_EXERCISE OBJECTIVE_
Line by line, give the data again exactly as it appears, but without pictures.

_GIVEN INFORMATION_
■ ■ ■ ■

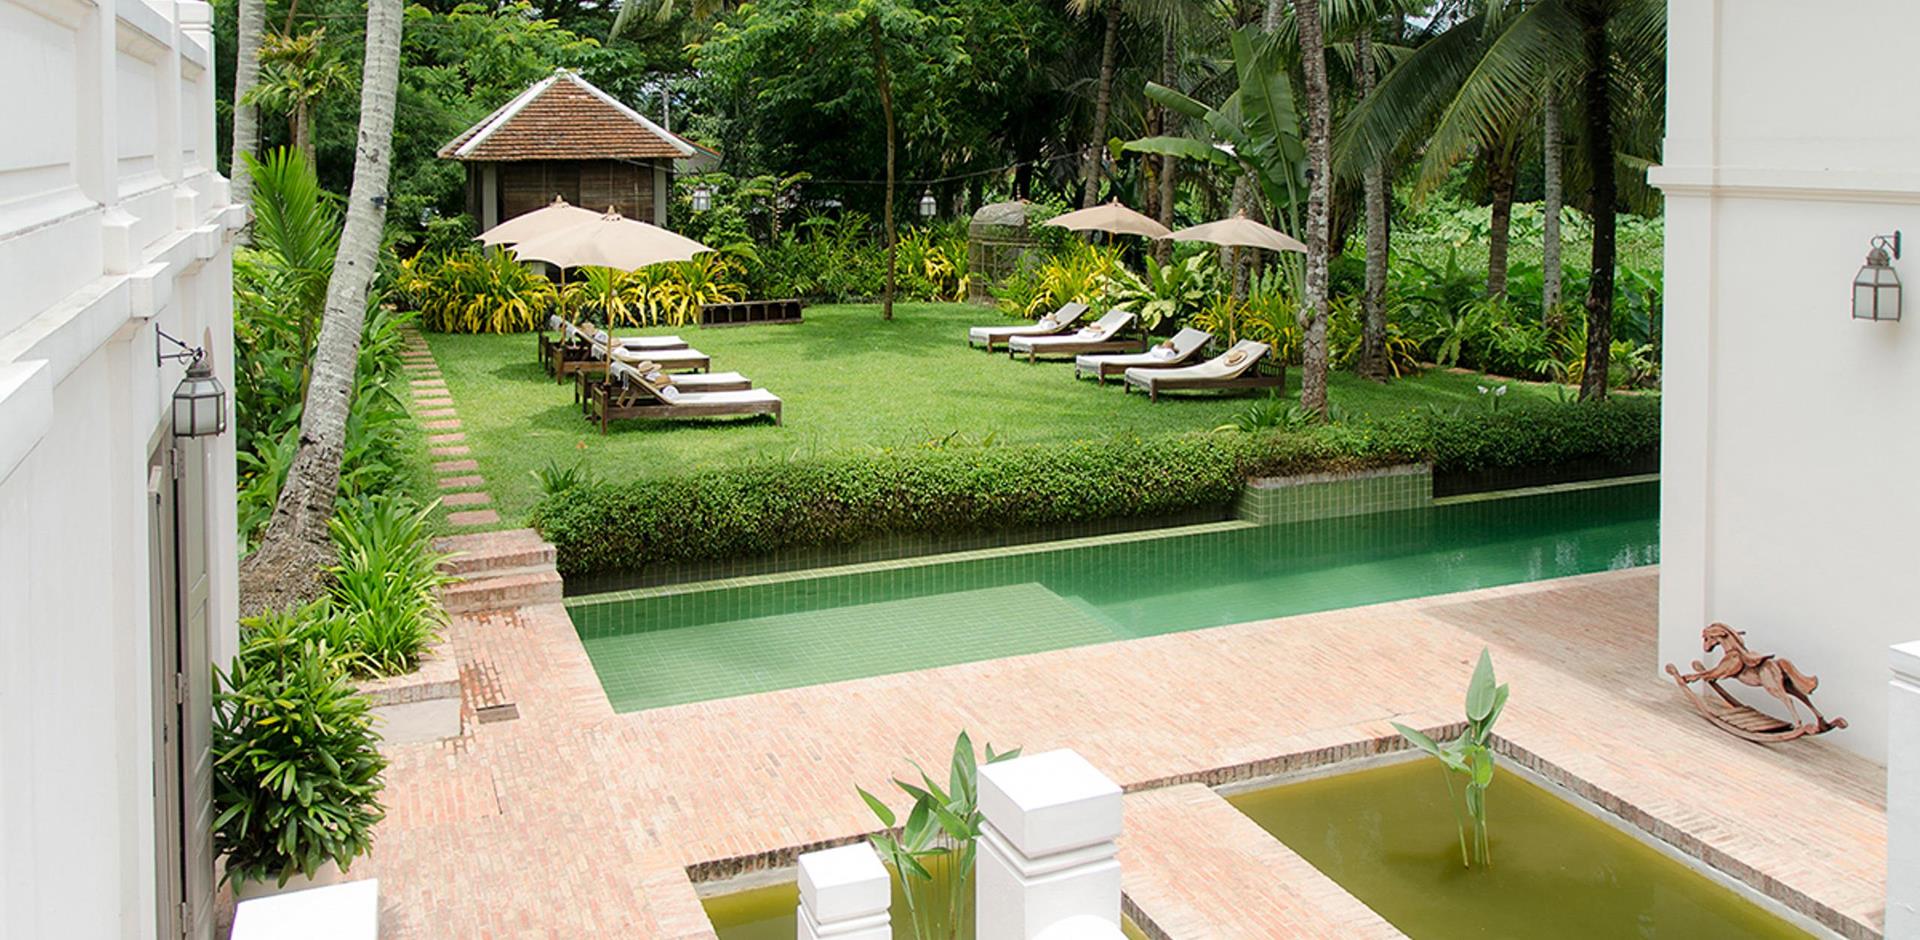 Pool and loungers, Satri House, Laos
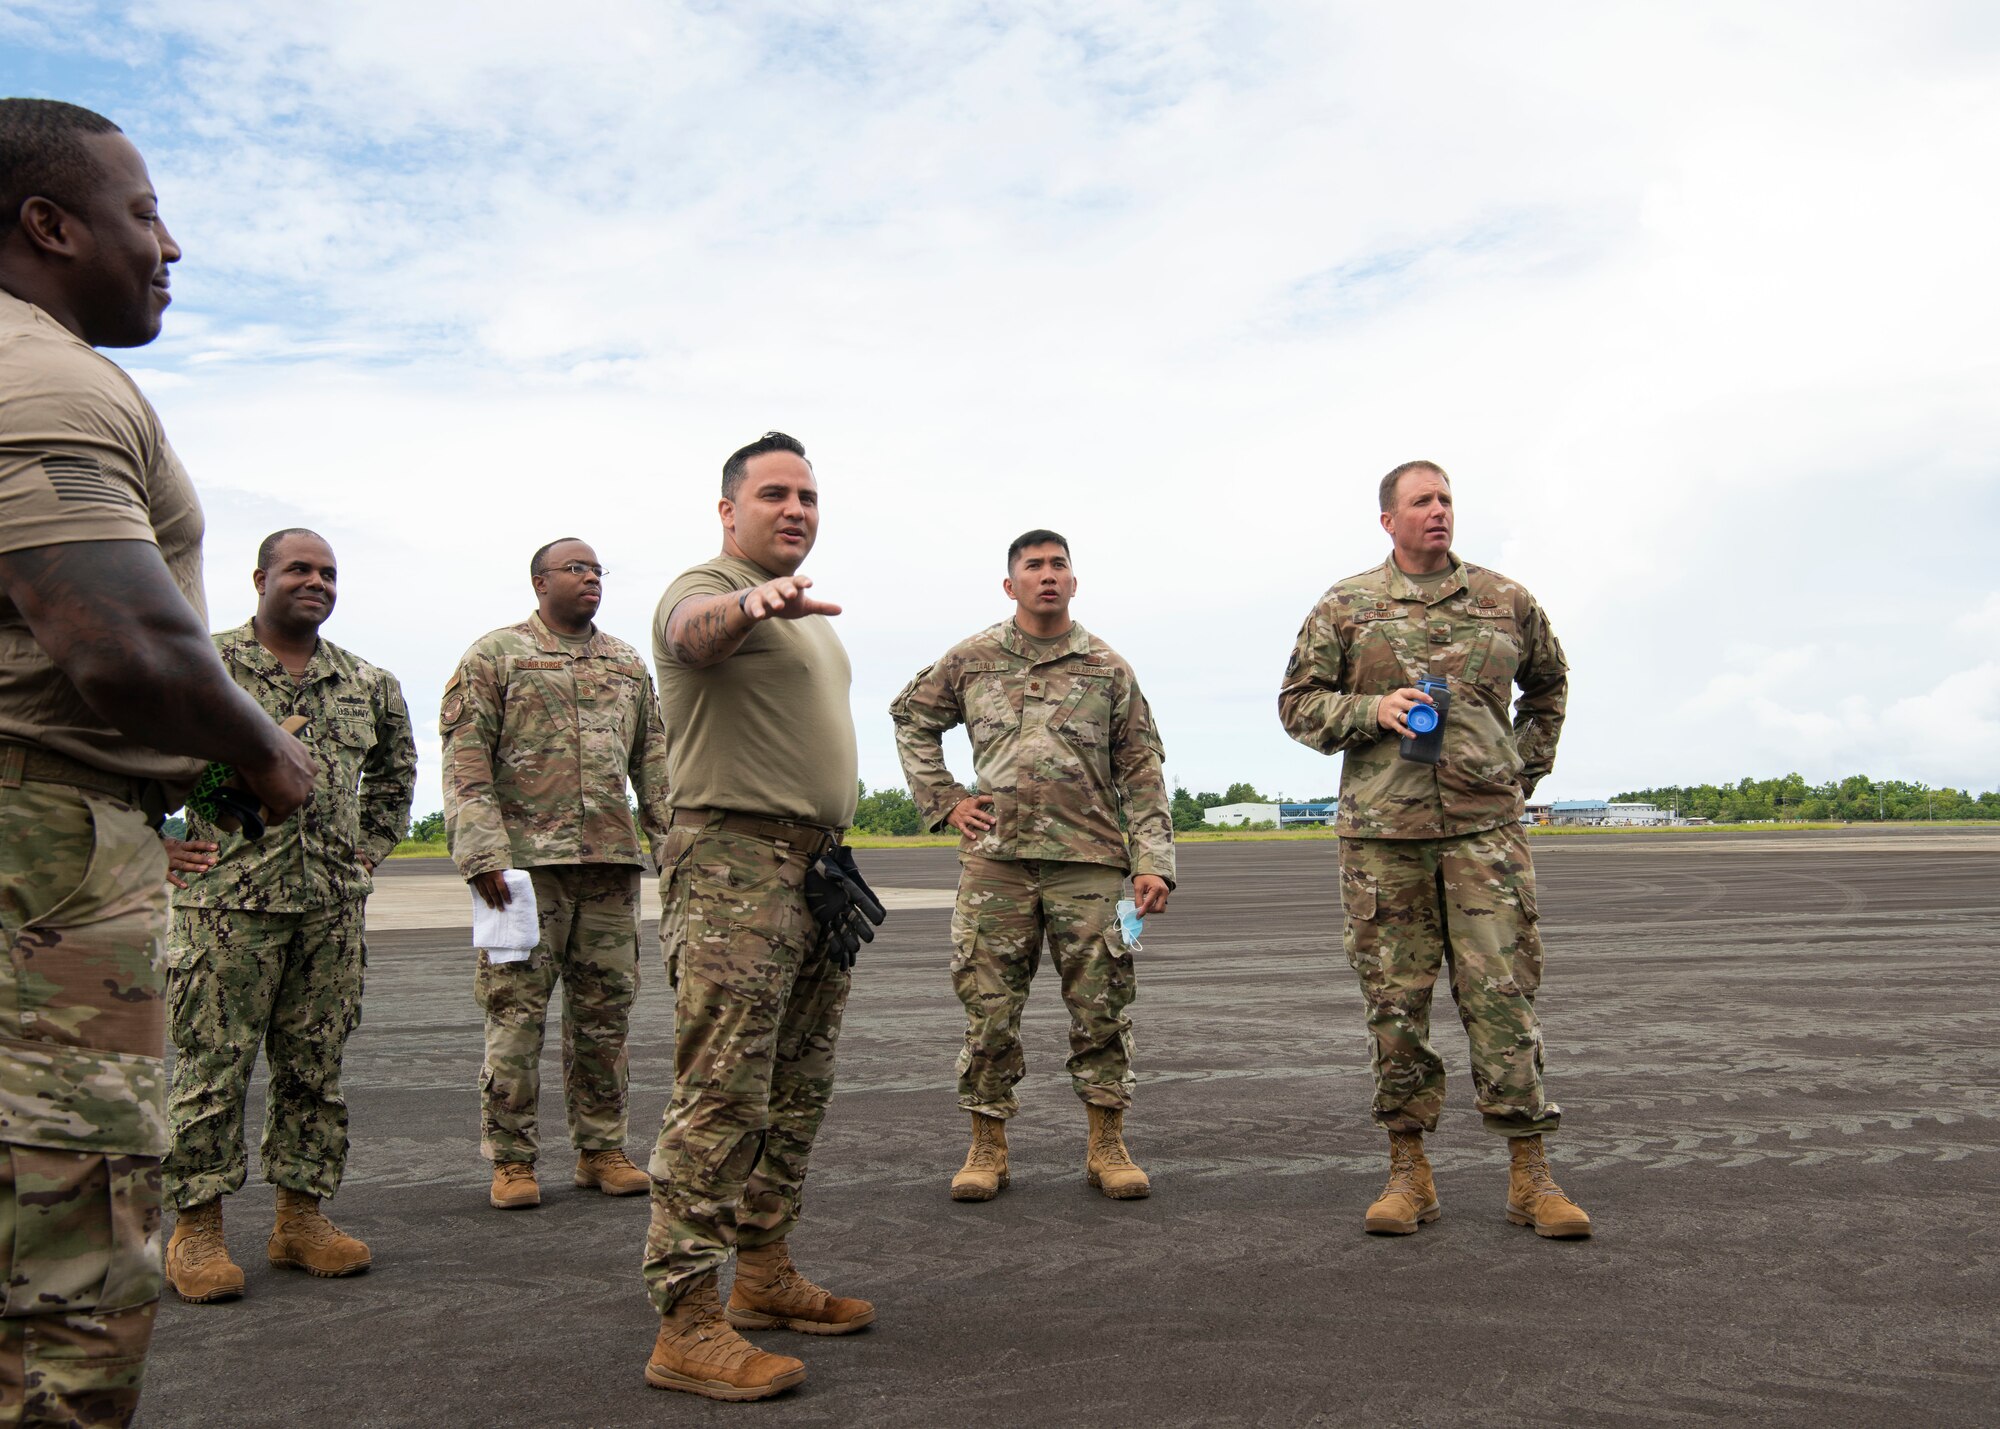 U.S. Air Force Master Sgt. Lynn Stephan, an air advisor from the 36th Contingency Response Support Squadron, briefs U.S. Air Force Col. R Schmidt, 36th Contingency Response Group commander, on the Palau National Airport, June 23, 2021. A Mobile Training Team of subject matter experts from Andersen AFB went to teach members from the Ministry of Justice and Ministry of Public Infrastructure and Institution in Palau how to properly utilize equipment they received from the Department of Defense. (U.S. Air Force photo by Senior Airman Aubree Owens)
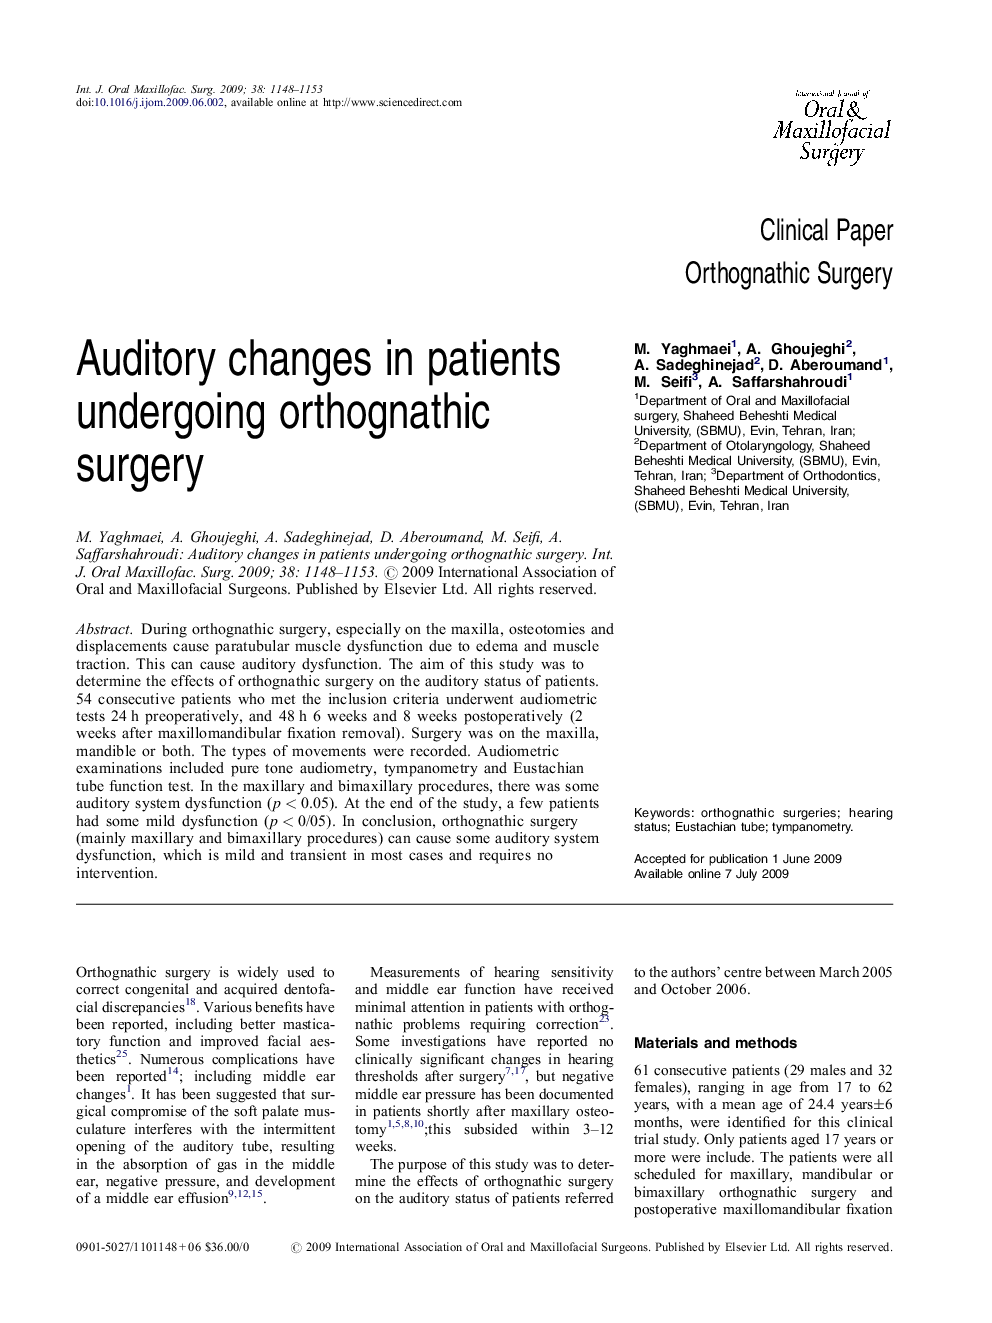 Auditory changes in patients undergoing orthognathic surgery

■ ■ ■ ■

_RESULT BELOW_
 Pool and loungers, Satri House, Laos
 U.S. Air Force Master Sgt. Lynn Stephan, an air advisor from the 36th Contingency Response Support Squadron, briefs U.S. Air Force Col. R Schmidt, 36th Contingency Response Group commander, on the Palau National Airport, June 23, 2021. A Mobile Training Team of subject matter experts from Andersen AFB went to teach members from the Ministry of Justice and Ministry of Public Infrastructure and Institution in Palau how to properly utilize equipment they received from the Department of Defense. (U.S. Air Force photo by Senior Airman Aubree Owens)
 Auditory changes in patients undergoing orthognathic surgery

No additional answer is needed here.